O lugar era bonito, tenho de reconhecer. Uma beleza fria, mas fascinante. A EACF estava instalada defronte à enseada Martel, na baía do Almirantado, península Keller. A distância dela até a praia não era grande. Às suas costas, o Morro da Cruz, que, mesmo no verão possuía áreas permanentemente cobertas de neve. Vez ou outra o almirante me dava alguns esclarecimentos:
— A ilha Rei George onde estamos agora faz parte do arquipélago Shetland do Sul, na beirada da Antártida. Em 1820, quando Edward Bransfield da Marinha britânica aportou no continente, o fez exatamente nesse arquipélago. Foi a primeira vez que o continente antártico foi avistado.
O helicóptero já havia pousado e nos encaminhamos a pé para a estação. H. Nunes apontou-me na enseada um navio turístico — um transatlântico em cruzeiro, que se afastava lentamente. Eram comuns tais embarcações por ali e às vezes turistas eram autorizados a visitar a EACF.
— A enseada Martel é o local onde os navios ancoram, mas no inverno tudo vira gelo. Pode-se atravessar a pé de um lado a outro.

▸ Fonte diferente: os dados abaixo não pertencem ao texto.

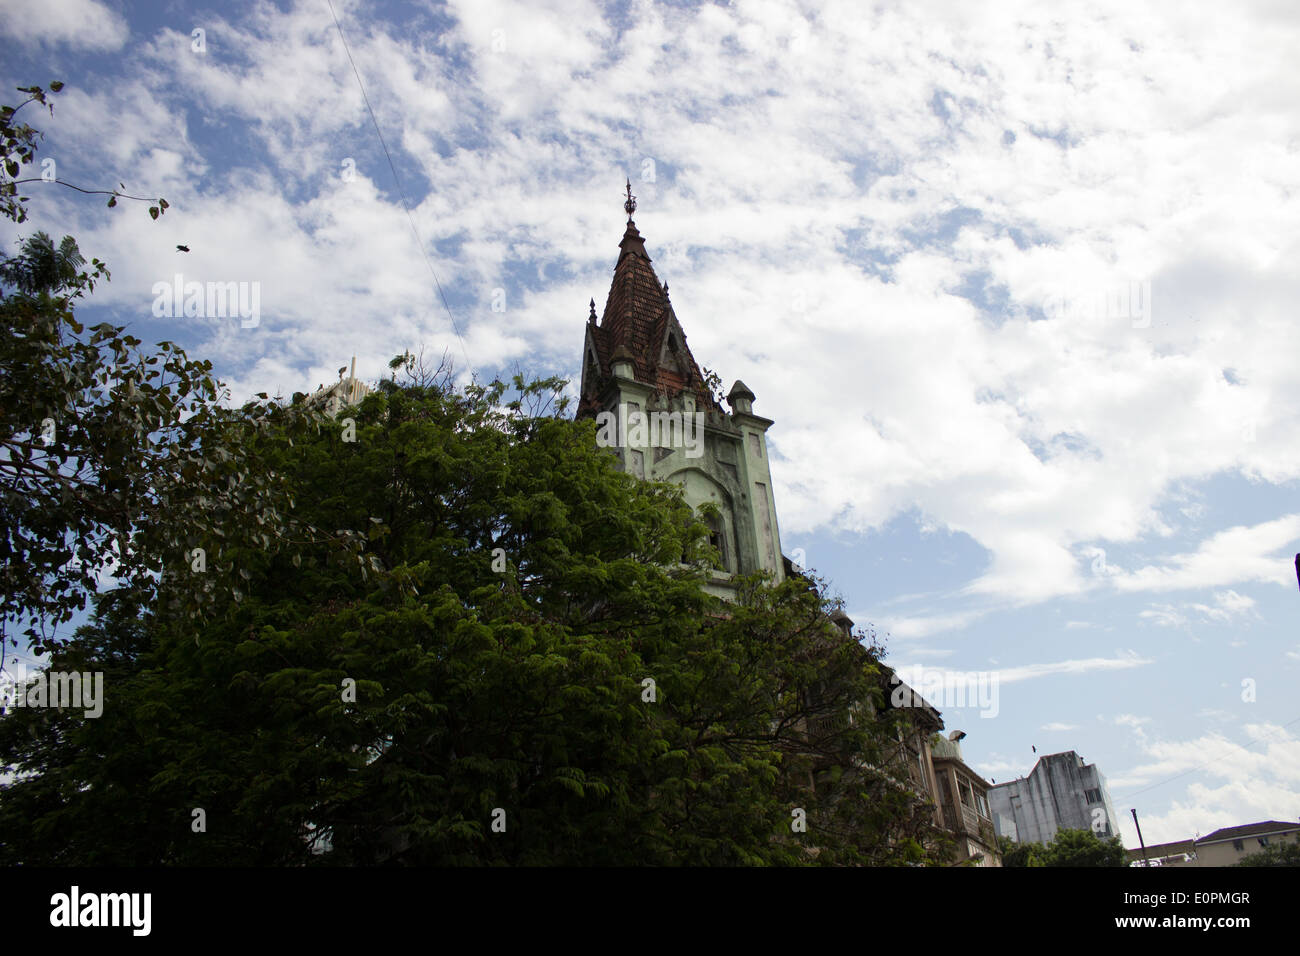 Le toit d'un immeuble du patrimoine de Colaba à Mumbai qui partage l'espace avec l'architecture moderne de la ville Banque D'Images

— Almirante, nem me fale do inverno. Se o verão já é assim...
Ele riu:
— Pense nisso aqui no inverno... O dia começa a clarear às doze horas e pouco depois já está noite de novo. No auge do inverno o sol praticamente não aparece. Por cem dias, quando o sol começa a surgir no horizonte, ele logo se põe. Os dias passam sem que nada de novo aconteça... O sol sempre abaixo do horizonte... A quase total penumbra...
— Que diabos, almirante!
O almirante conteve o riso:
— Tranquilize-se! No verão ocorre o contrário. O sol está para se pôr mas logo já nasce. É o chamado "sol da meia-noite". Assim, se no inverno nunca amanhece, no verão nunca anoitece.
Dei um suspiro:
— Enfim uma boa notícia!
O desgraçado do almirante deu uma gargalhada daquelas bem escrachadas. Eu realmente estava com medo, não era feito de aço. Minha vontade era de ir a um daqueles lugares bem ermos e soltar uns belos de uns palavrões, bem alto, gritando e espantando todos os pinguins da região. Cacete, onde é que a Regina fora me enfiar?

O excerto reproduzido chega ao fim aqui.